Dear S.P.: Business development companies were initiated by Congress in 1980. The goal of BDCs is to encourage the flow of public dollars (your investible funds) to private businesses. Generally, BDCs invest at least 70 percent of their cash in private U.S. companies or in public U.S. companies with market values of less than $250 million. And these BDCs must send quarterly, as well as annual, reports to the Securities and Exchange Commission and to their shareholders. Owning a BDC (only 55 are publicly traded) allows shareholders to have their cake and eat it, too. They enjoy the liquidity of a publicly traded stock while participating in the potential profit of private companies.
A BDC must qualify as a regulated investment company under Subchapter M of the Internal Revenue Code; distribute 98 percent of its ordinary income and 98 percent of net capital gains for one year; derive at least 90 percent of gross income from dividends, interest and capital gains; have no more than 25 percent of their assets invested in the securities of one company or two or more issues that are engaged in the same or similar business activities, limit its debt-to-equity ratio to 1-to-1 or less, and revalue its private investments every quarter.
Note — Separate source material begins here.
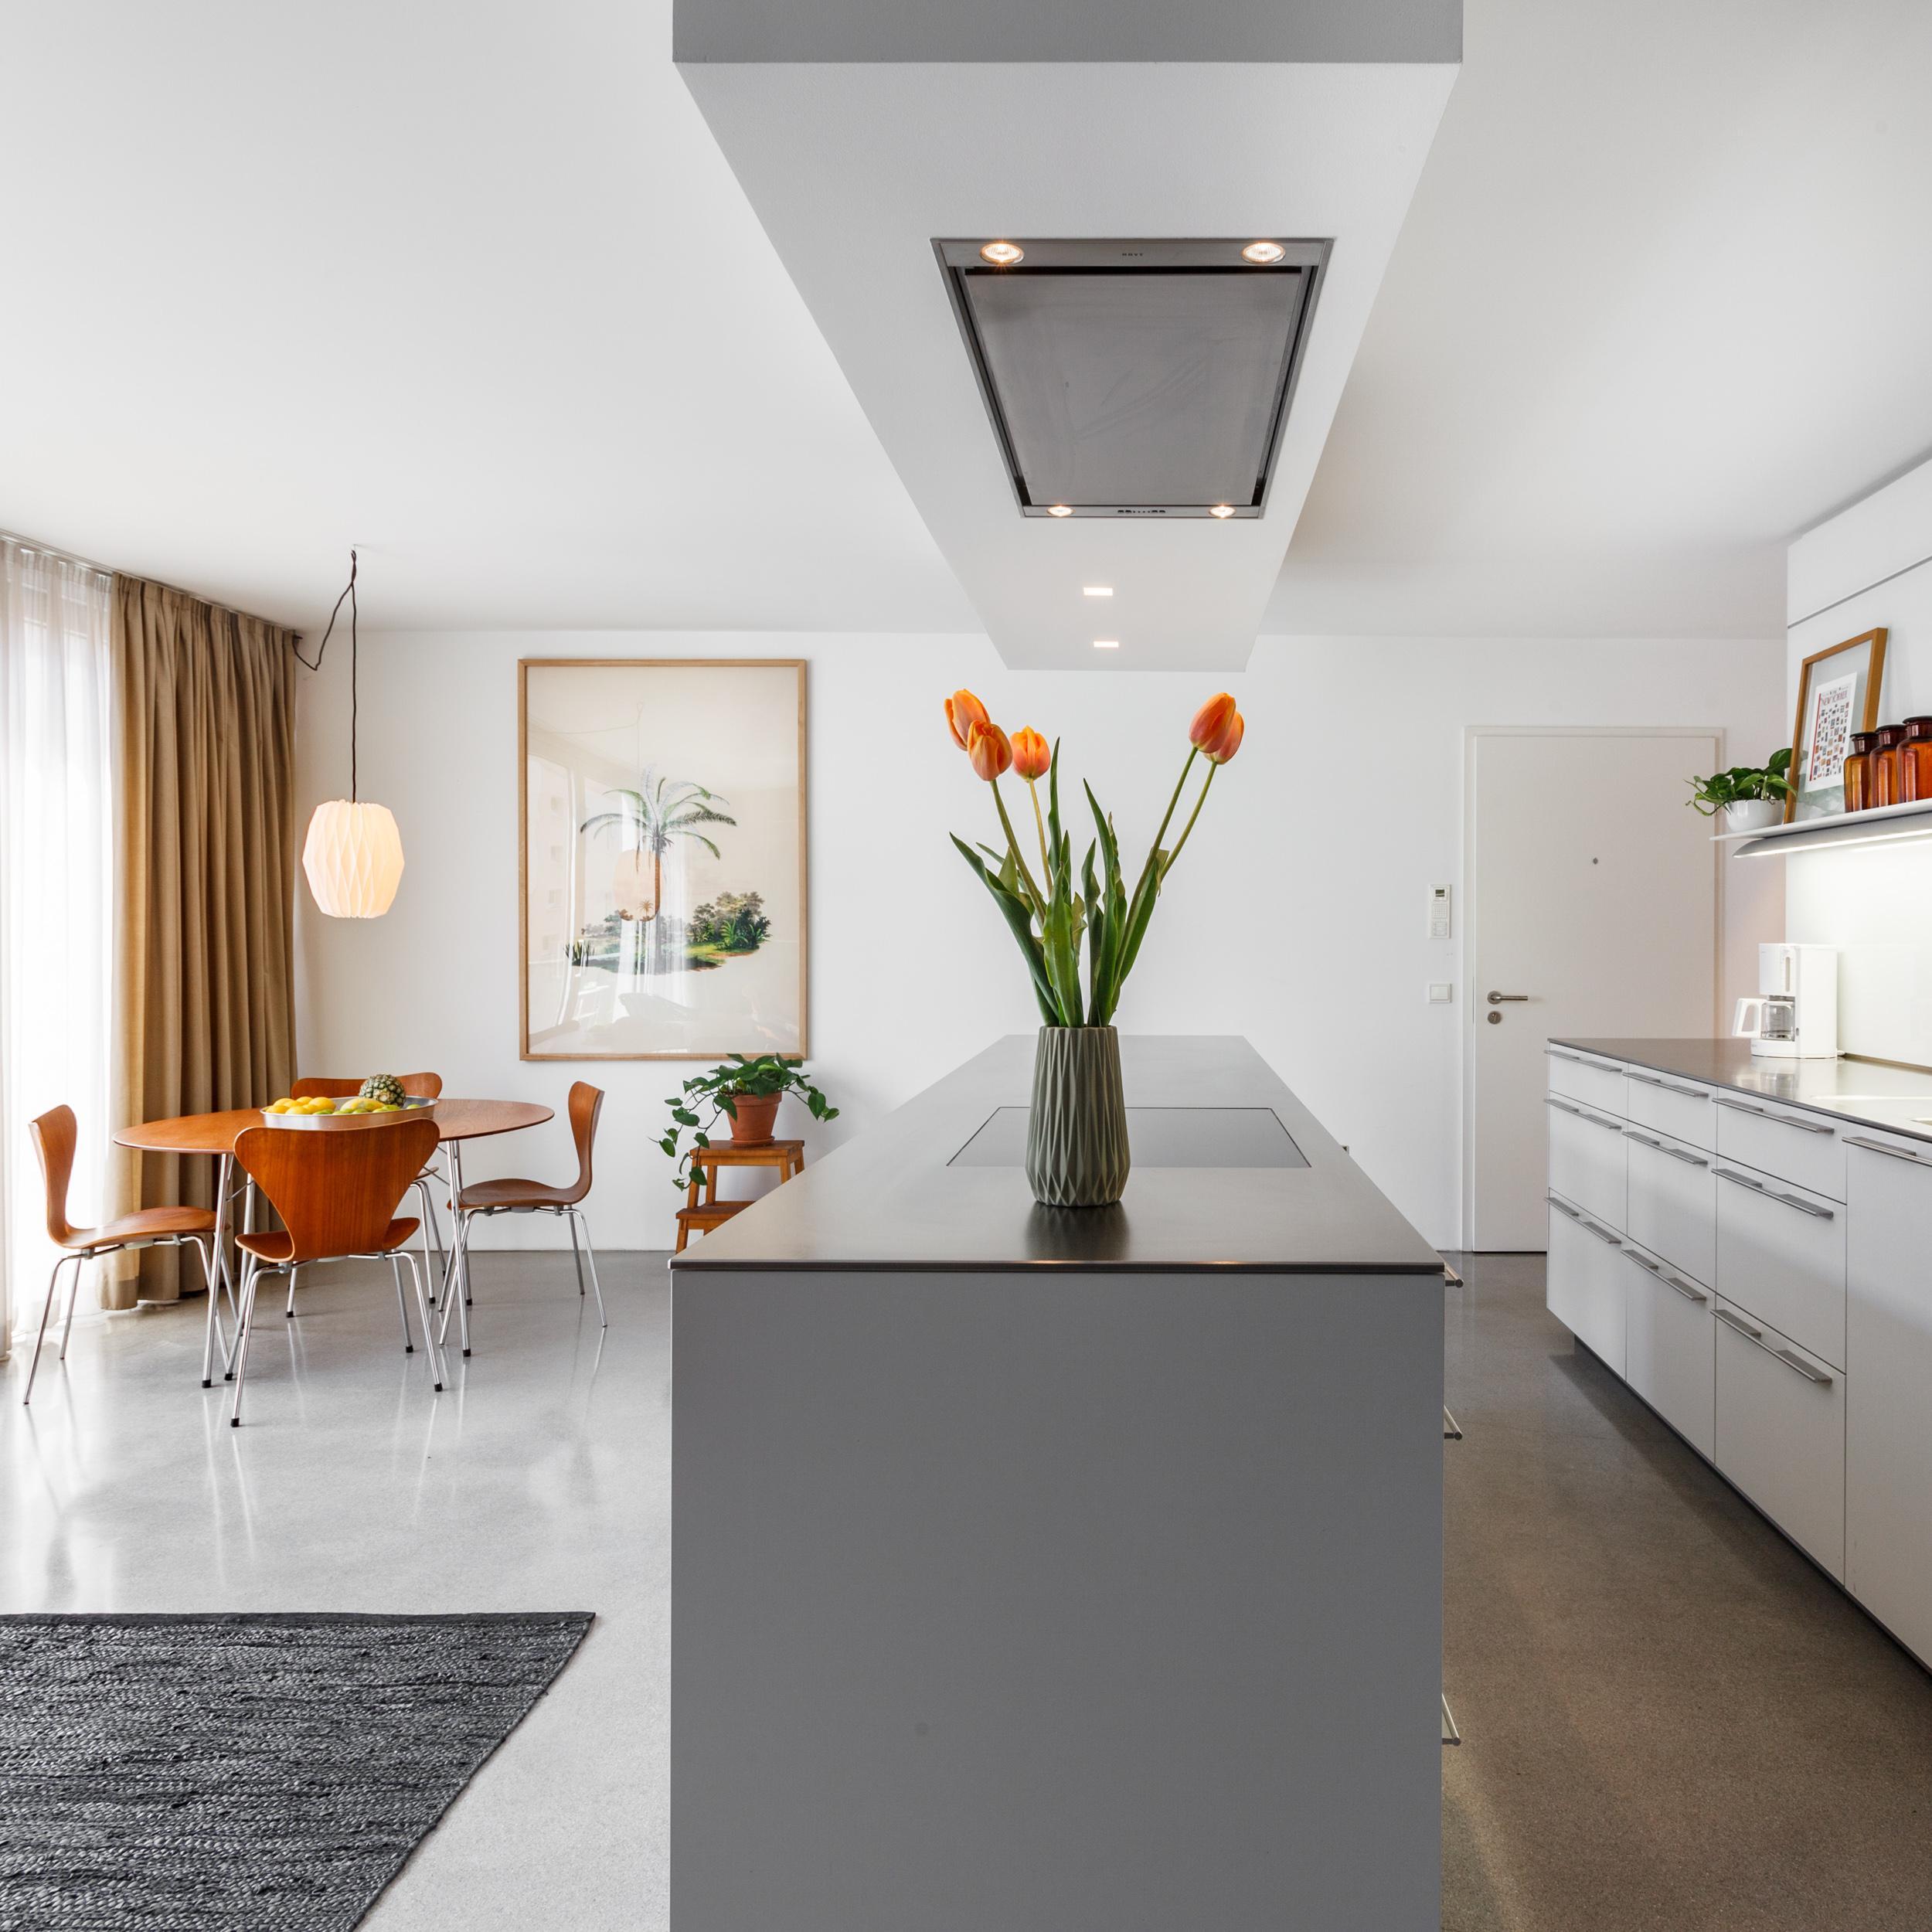 vintage k che bilder ideen couchstyle. Black Bedroom Furniture Sets. Home Design Ideas

Like real estate investment trusts, BDCs are not taxed at the corporate level, as long as they pay out the required income to shareholders. This avoids double taxation and allows BDC investments to pay higher dividends than common stock. But there’s a string attached, because a large percentage of a BDC’s cash distribution is considered ordinary income and is taxed at the shareholder’s higher tax rate (33 percent to 39.6 percent) rather than the 15 percent rate for qualified dividends. For this reason, it makes good sense to own BDC investments in an individual retirement account, where distributions are deferred, or in a Roth IRA, where they’re exempt from taxation.